## Directions for this task
The range runs from the line containing "Uncover business-critical insights" through the last line of the material below; retype it exactly, leaving out the pictures.

(Records provided begins)

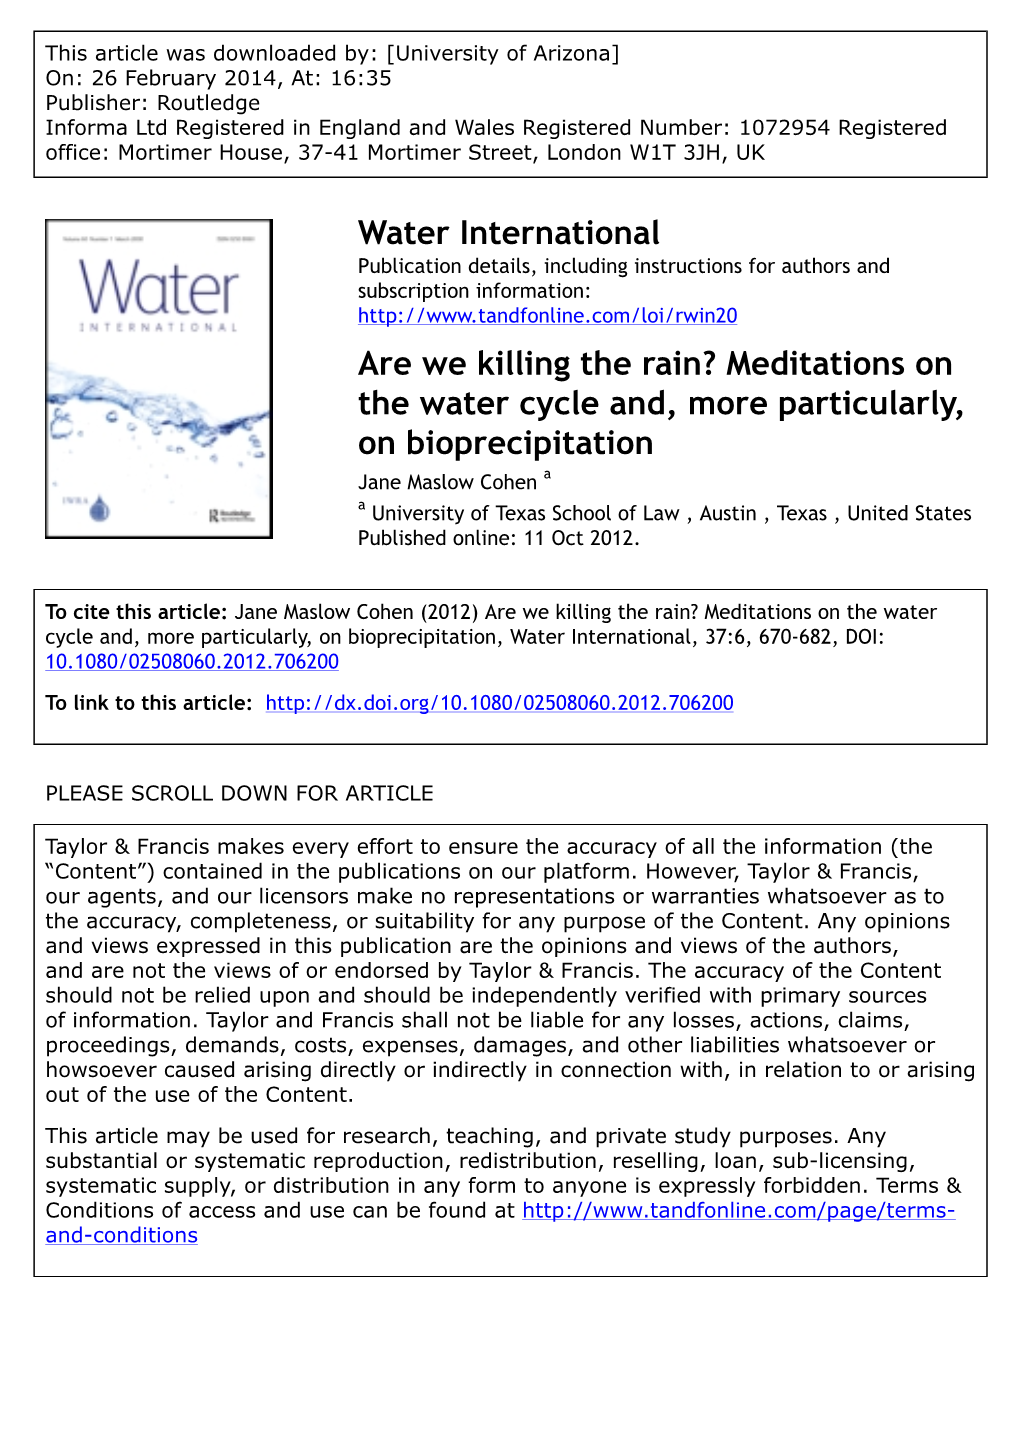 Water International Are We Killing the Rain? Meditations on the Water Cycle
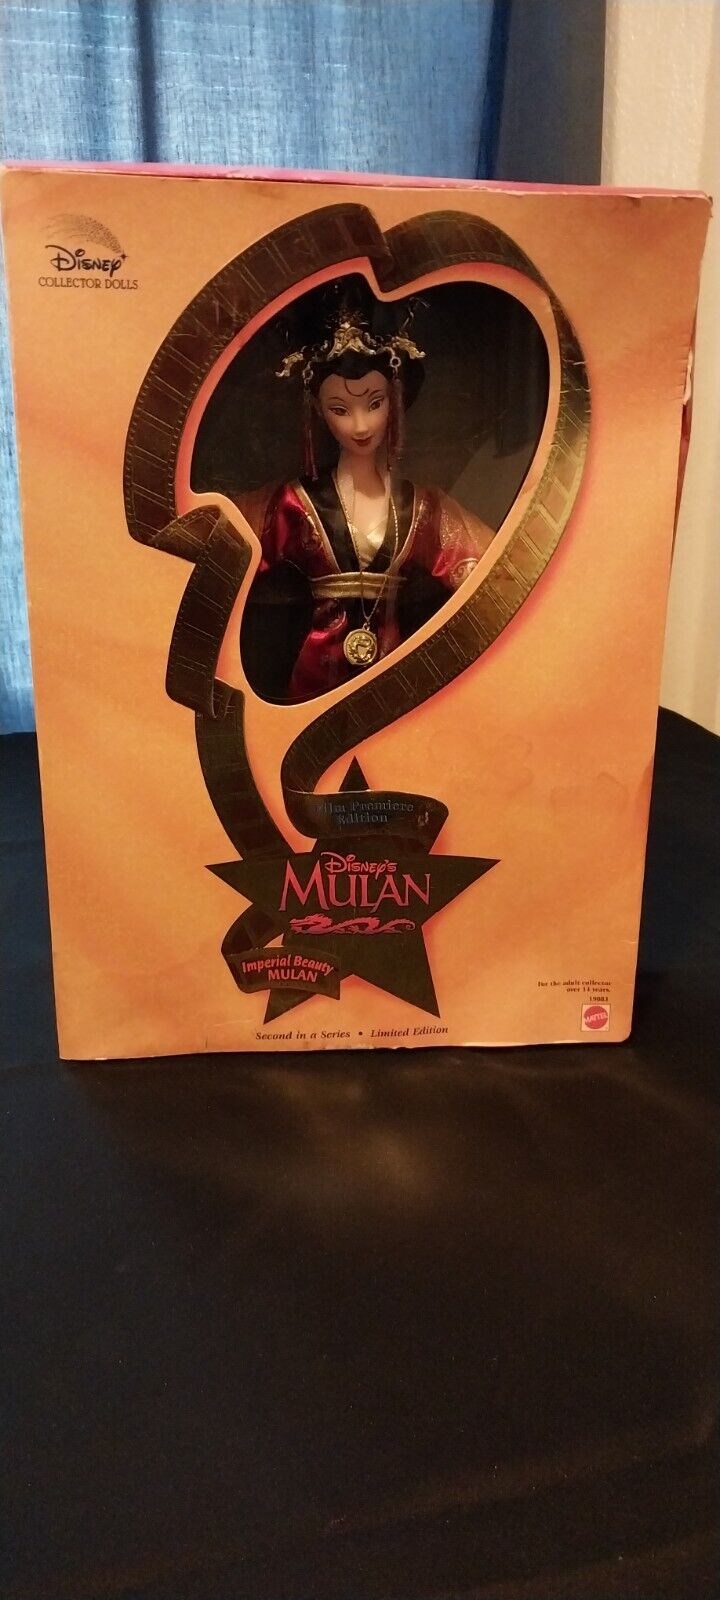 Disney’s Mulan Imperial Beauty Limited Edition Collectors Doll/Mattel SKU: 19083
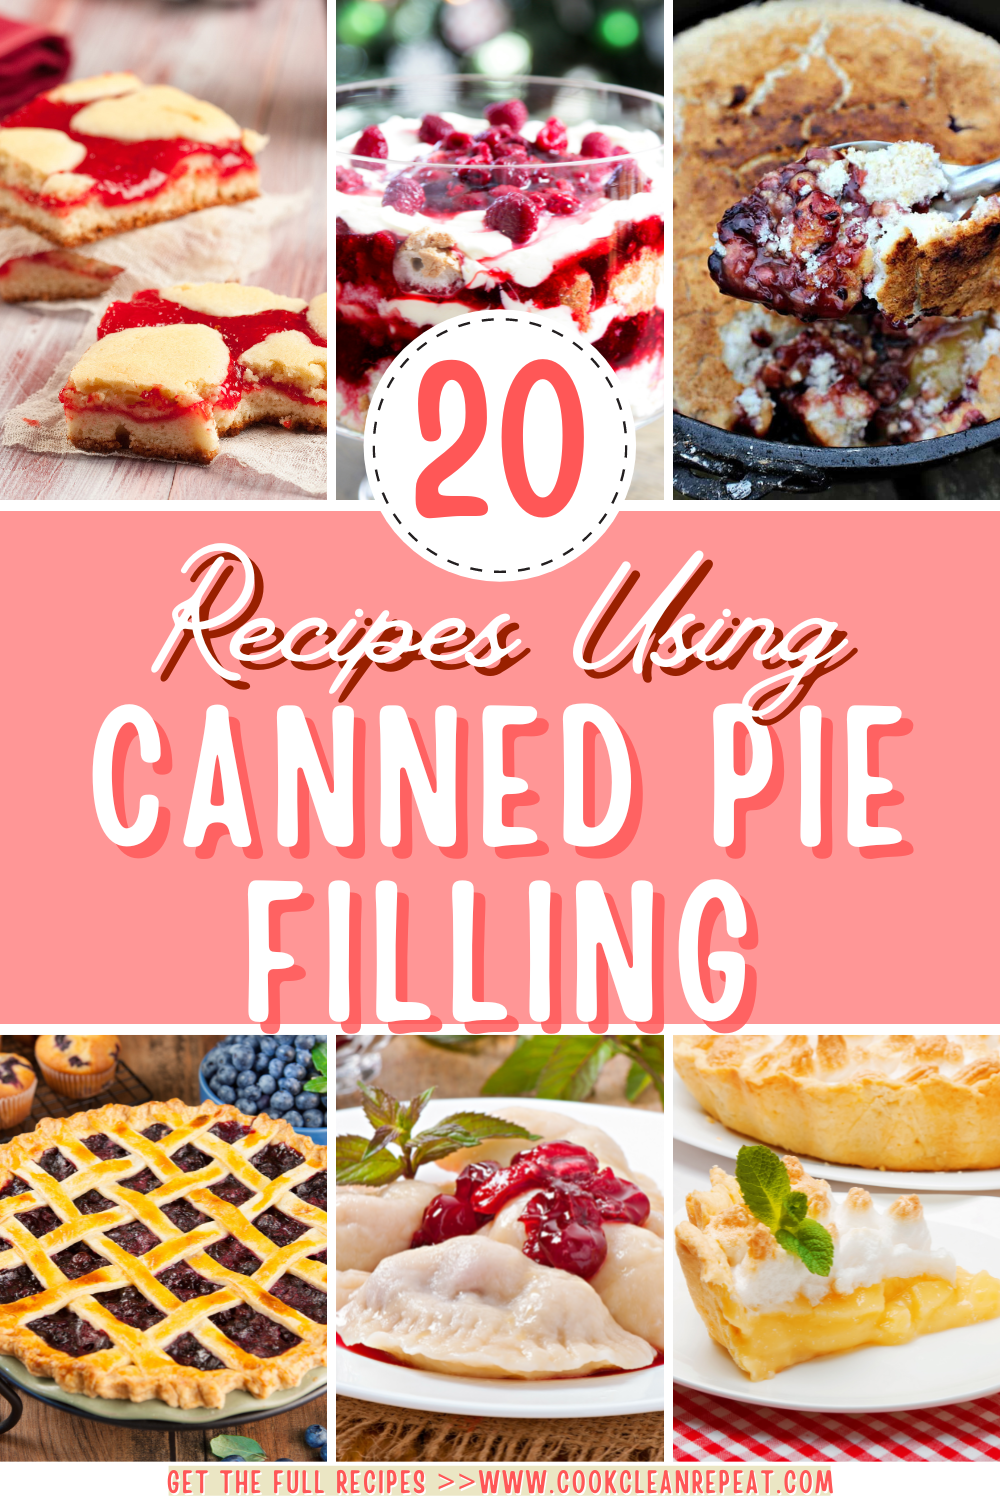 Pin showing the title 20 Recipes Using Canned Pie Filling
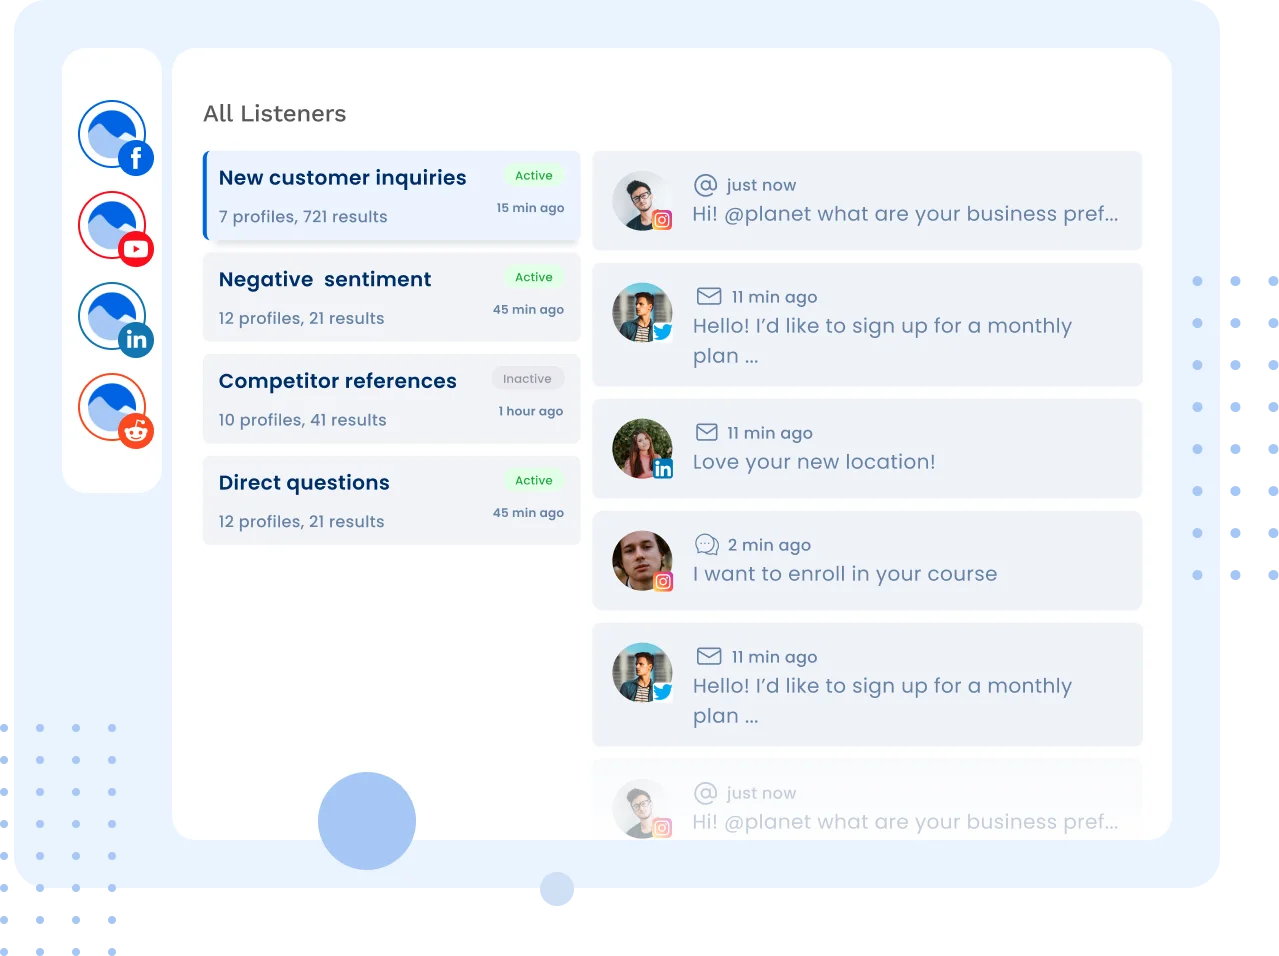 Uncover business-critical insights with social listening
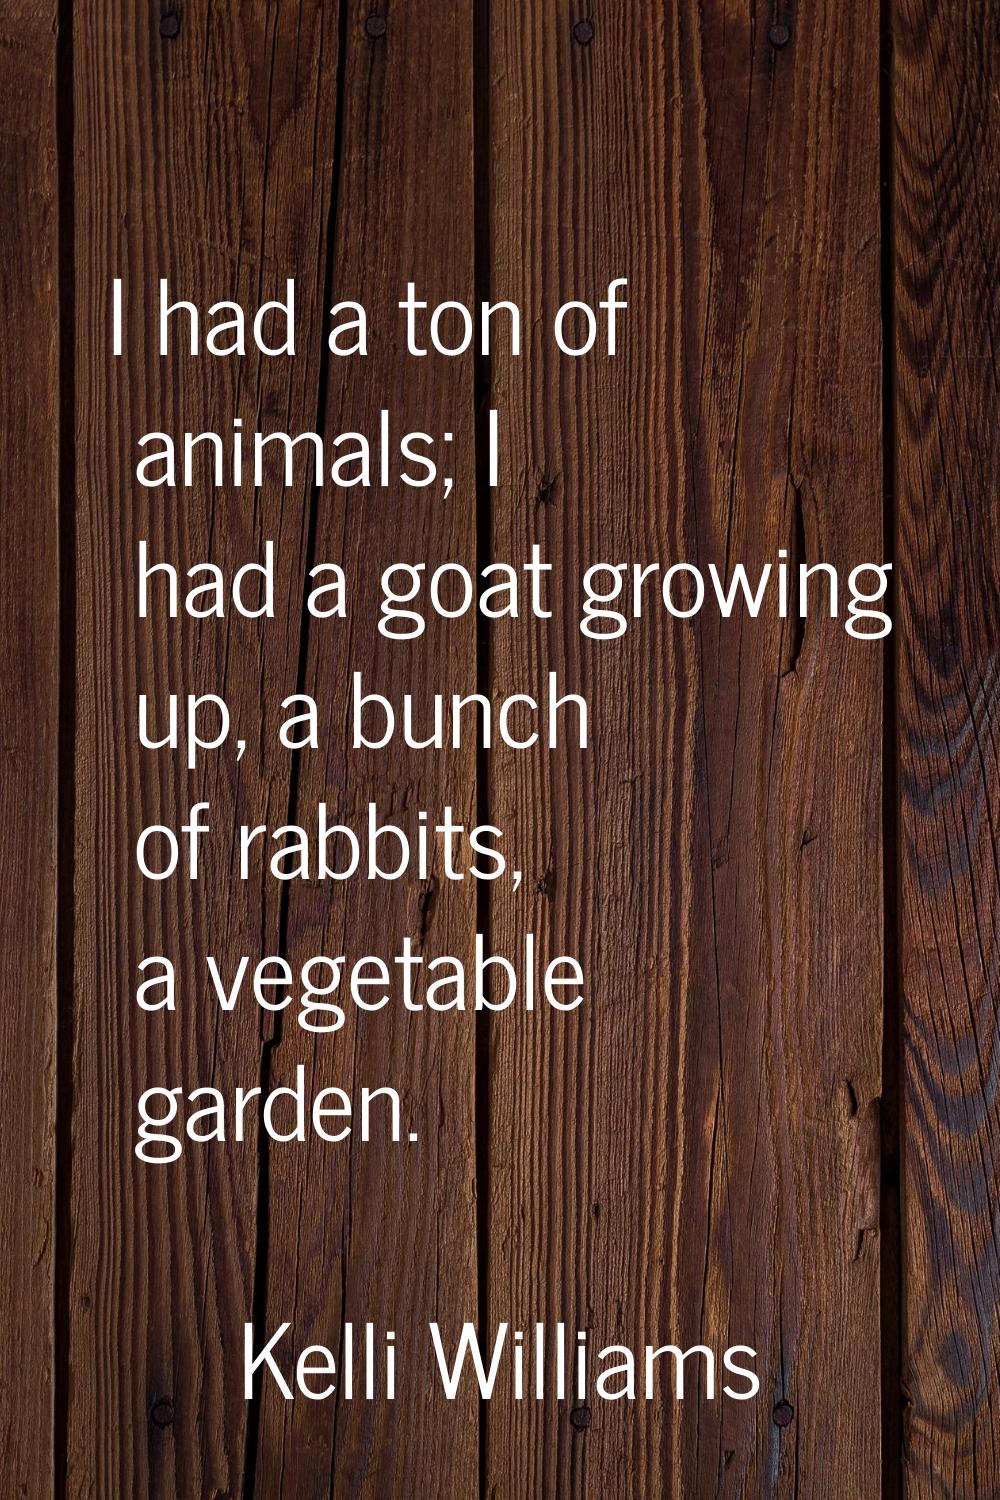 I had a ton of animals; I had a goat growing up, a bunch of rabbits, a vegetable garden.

(Records provided ends)

## Response for this exercise
 Uncover business-critical insights with social listening
 I had a ton of animals; I had a goat growing up, a bunch of rabbits, a vegetable garden.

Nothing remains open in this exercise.